# The real Scott Harmon



## scottmh59 (Jul 13, 2009)

Greetings, To all on this forum,masons and non masons alike.

My name is Scott Harmon,and it has come to my attention that some comments were made here that were not called for at all. I'm writing this to defend my name and set the record straight. Someone who had access to my computer and email made a very poor choice to make light of the forum and its integrity. I have identified the individual and can give my positive assurance that such actions will never happen again.

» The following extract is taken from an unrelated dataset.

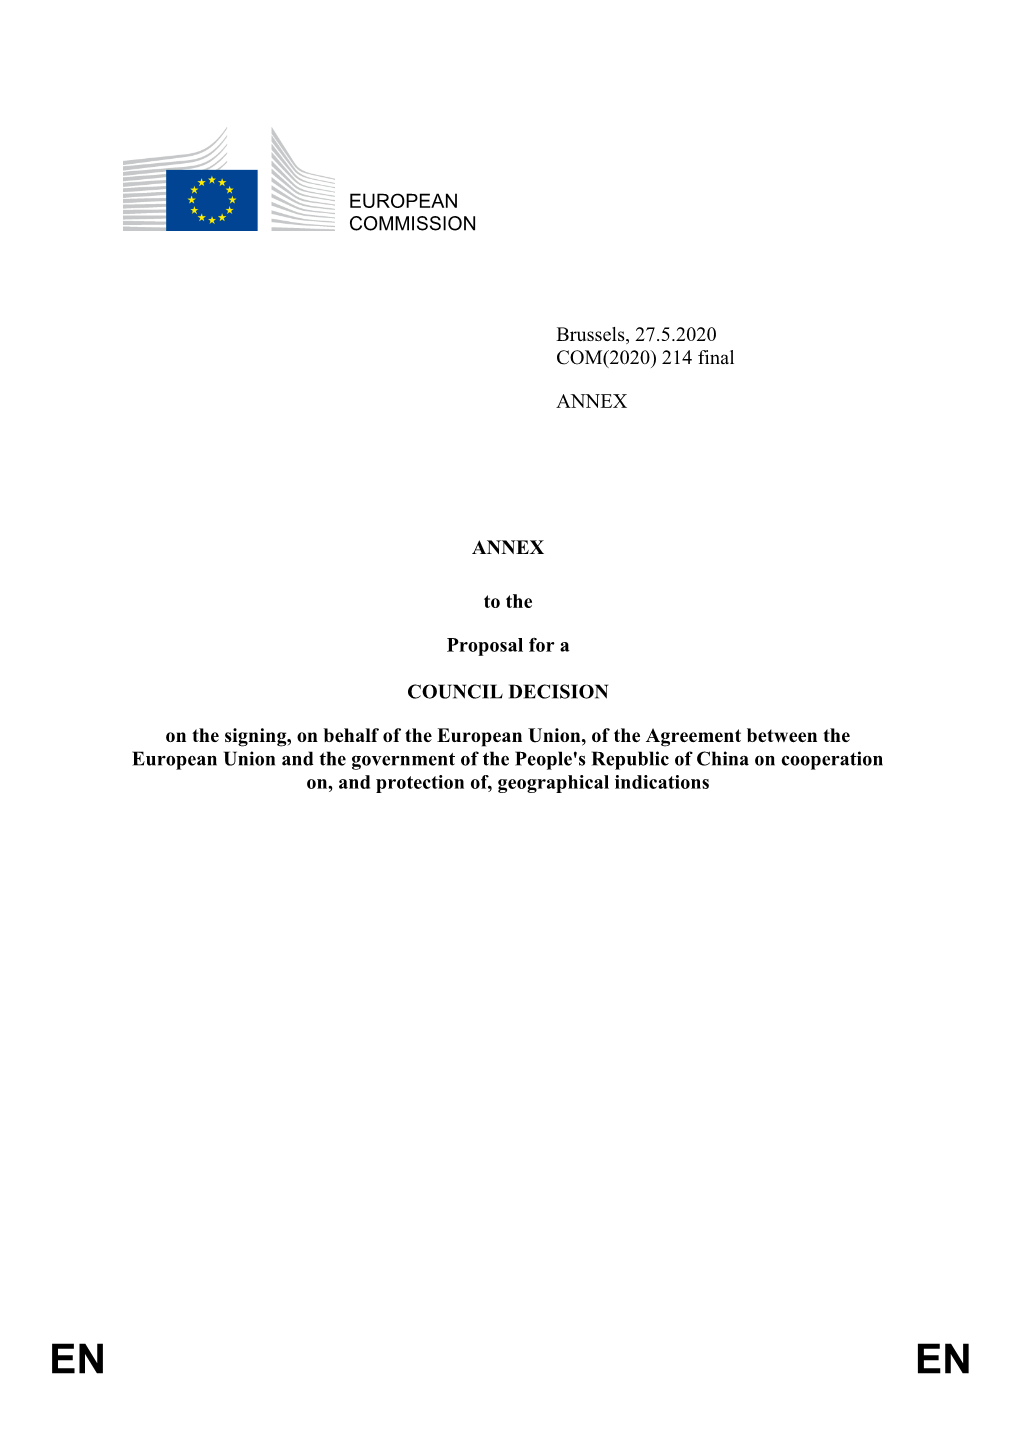 EUROPEAN COMMISSION Brussels, 27.5.2020 COM

Masonry is something that i take very seriously and i have nothing but respect for all masons and their opinions,no matter how great mine and theirs may differ.i would never do anything to dishonor this great fraternity and its members.

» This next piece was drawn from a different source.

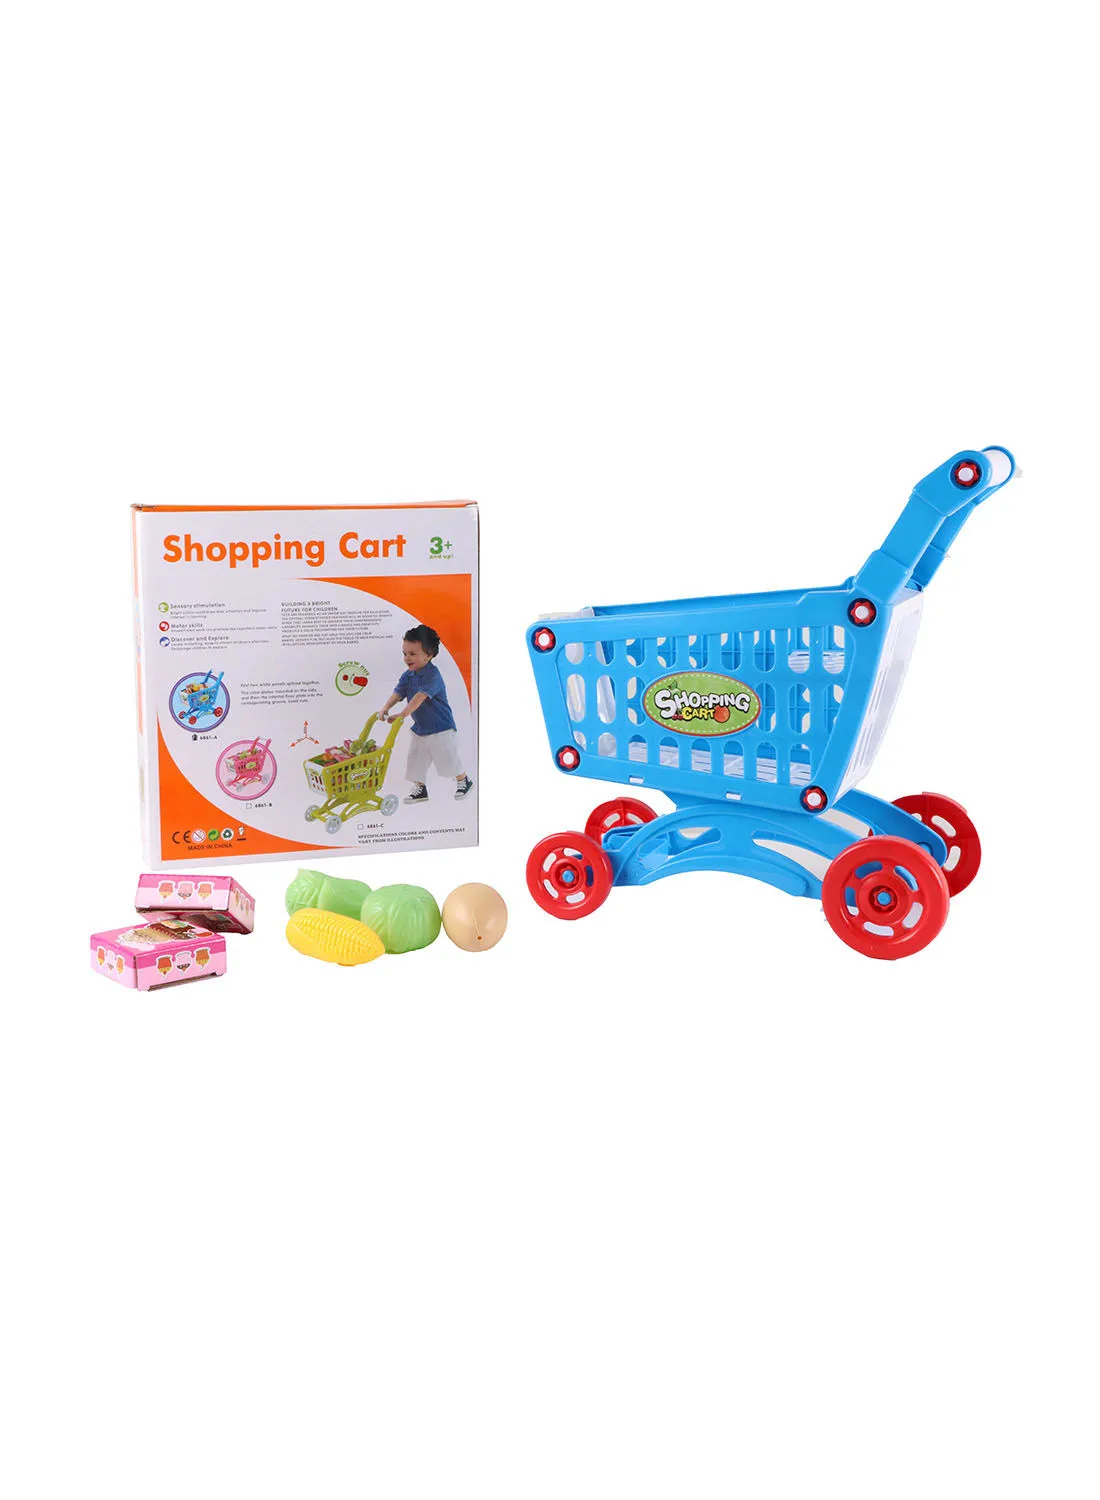 Zunchen Shopping Cart Toy 18m+

Once again sorry for any inconvenience this may have caused,and keep up the good work you all are doing here.

Fraternally yours,

Scott Harmon


----------



## TCShelton (Jul 13, 2009)

Will the real Scott Harmon please stand up? lol

Well said, Brother.


----------



## nick1368 (Jul 13, 2009)

welcome back


----------



## rhitland (Jul 13, 2009)

hated that this happened to you Brother Scott, glad to have you on here so Brothers abroad can get to know you like Tom and I do so get to posting!


----------



## Blake Bowden (Jul 13, 2009)

Welcome aboard Brother Scott!


----------



## owls84 (Jul 13, 2009)

Welcome Scott. You have a lot of catching up to do so get to it.


----------



## RJS (Jul 13, 2009)

Welcome!


----------



## Bro. Stewart P.M. (Jul 13, 2009)

Welcome Brother Scott!!


----------



## Bill Lins (Jul 13, 2009)

Just remember- DON'T pi$$ off Blake!  ;-)


----------



## Bro. Kurt P.M. (Jul 14, 2009)

Welcome to the Forums !


----------



## scottmh59 (Jul 14, 2009)

Bill_Lins77488 said:


> Just remember- DON'T pi$$ off Blake!  ;-)



way ahead of you...me and blake had a conversaion about just that last night..lol


----------



## susan (Jul 17, 2009)

Brother Scott you seem to have a great many friends they all show great character so hear hear to you all!


----------



## scottmh59 (Jul 17, 2009)

Thank you susan,,yes these are great men and i feel privledged to be here with them.
welcome to the site


----------



## susan (Jul 18, 2009)

Thank you and you are welcome.   Most of the Masons I know are loving, caring, wonderful, loyal, great men.  Dont get me wrong they are still men and not perfect,but they try to better themselves.  That makes them great.   This  makes it hard for someone like me.  See I am a divorced mom of three.  My time surrounded by tese is amazing... but it makes it hard to have a relationship with a non masonic person because they are not like that or jealous of the time spent at the lodge.   To bad all Masons are married.  That would be great ... I admire your wives for being able to support you in your endevors.


----------